Выходя из ратуши прямо во мрак улицы Светоянской, купец Гофрихтер уголком глаза уловил движение на освещенной луной стене башни – передвигающийся нечеткий силуэт немного пониже окон городского трубача, но повыше окон комнаты, в которой только что окончился совет. Взглянул, заслонив глаза от мешавшего видеть света фонаря, который нес слуга. «Какого черта, – подумал он и тут же перекрестился. – Что это там лазит по стенам? Филин? Сова? Летучая мышь? А может…»
Гофрихтер вздрогнул, перекрестился снова, по самые уши натянул куний колпак, закутался в шубу и прытко двинулся в сторону своего дома.
Поэтому так и не увидел, как большой стенолаз[48] распростер крылья, спустился, спорхнув с парапета, и беззвучно, словно дух, будто ночной призрак, понесся над крышами города.
Апечко Стерча, живший на Ледней, не любил бывать в замке Штерендорф. Причина была одна, к тому же простая: Штерендорф принадлежал Таммо фон Стерче, главе, сеньору и патриарху рода. Либо, как говорили некоторые, тирану, деспоту и мучителю.
В комнате было душно. И мрачно. Таммо фон Стерча не позволял раскрывать окон, опасаясь, как бы его не продуло, ставни тоже открывать не разрешалось, потому что свет резал глаза калеки.
Апечко был голоден. И запылен. Но некогда было ни поесть, ни почиститься. Старый Стерча не любил ждать. И не привык потчевать гостей. Особенно – родственников.

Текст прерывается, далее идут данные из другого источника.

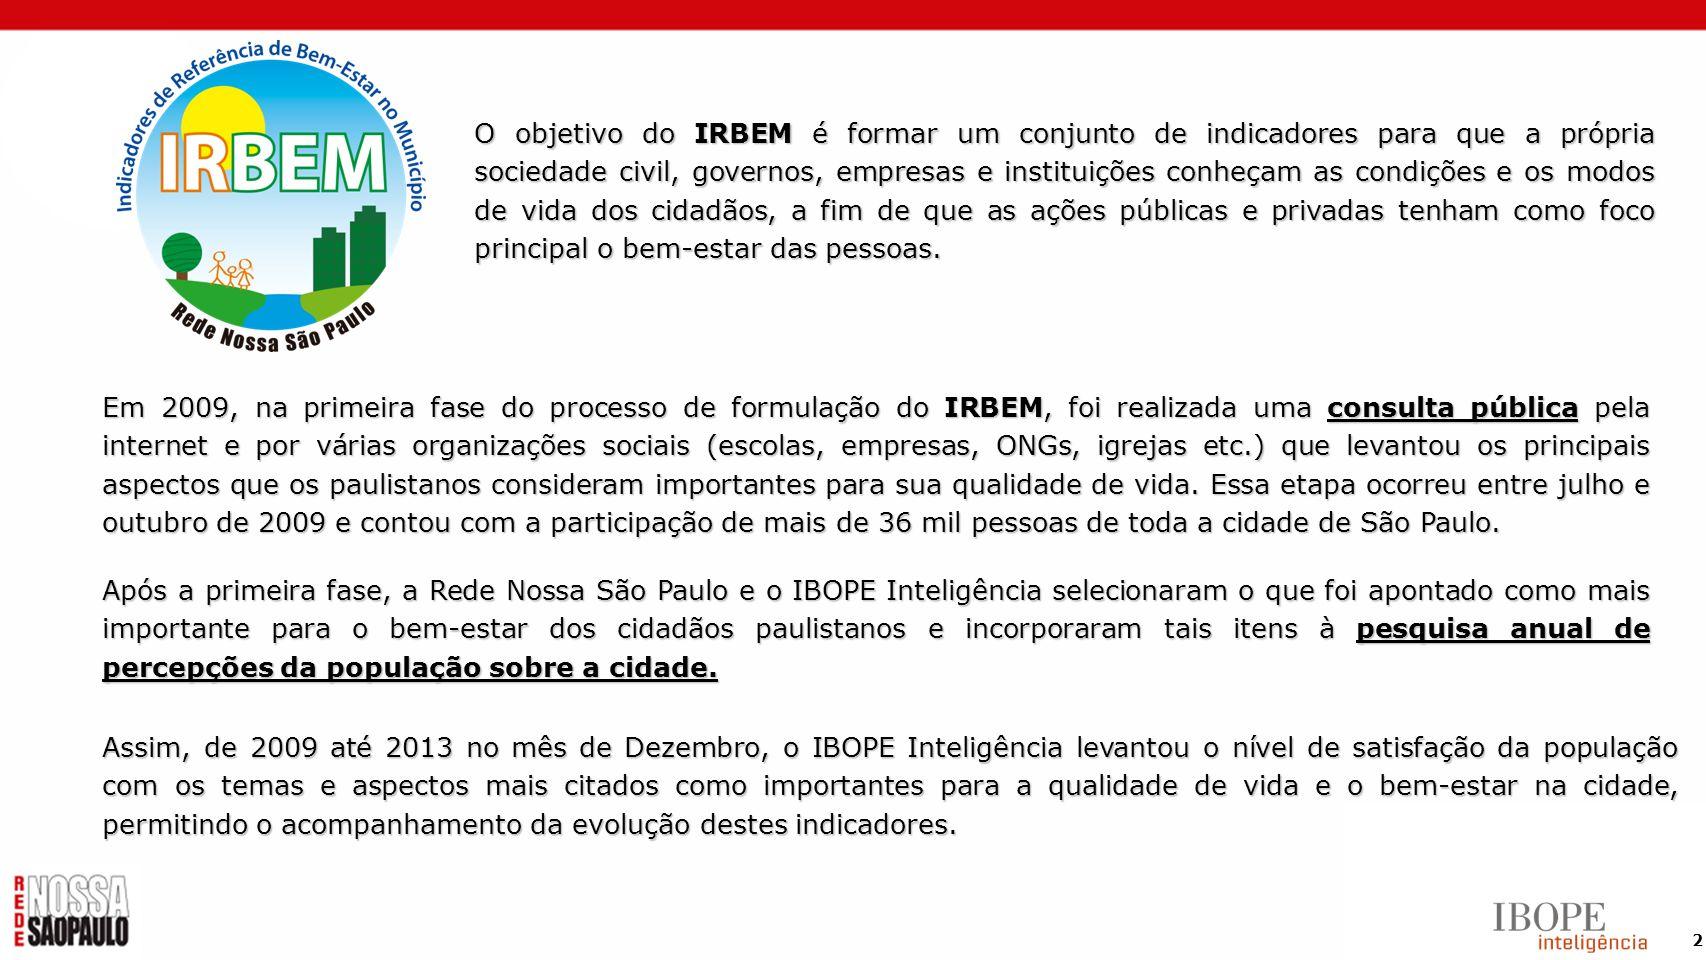 63 Subprefeitura Prefeitura de São Paulo Câmara Municipal de SP Guarda Municipal Ministério Público Polícia Militar 50% ou mais DESCONFIAM (2012) % P.18) De maneira geral, o(a) sr(a) diria que confia ou não confia em cada uma destas instituições que vou ler: Confiança nas instituições e órgãos públicos Base: total da amostra (2008 | 2009 | 2010 | 2011 | 2012 | 2013: 1.512 entrevistas) Polícia Civil Poder Judiciário TCM

Поэтому Апечке оставалось только глотать слюну, чтобы смочить горло – выпить ему, естественно, тоже не подали, – и сейчас он излагал Таммо олесьненские события. Делал он это неохотно, но ничего не попишешь – надо. Калека – не калека, паралитик – не паралитик, но Таммо был главой рода. Сеньором, не спускавшим непослушания.
Старик слушал сообщение, устроившись на стуле в присущей ему невероятно перекошенной позе. «Старый покорёженный хрыч, – подумал Апечко. – Холерное изломанное пугало».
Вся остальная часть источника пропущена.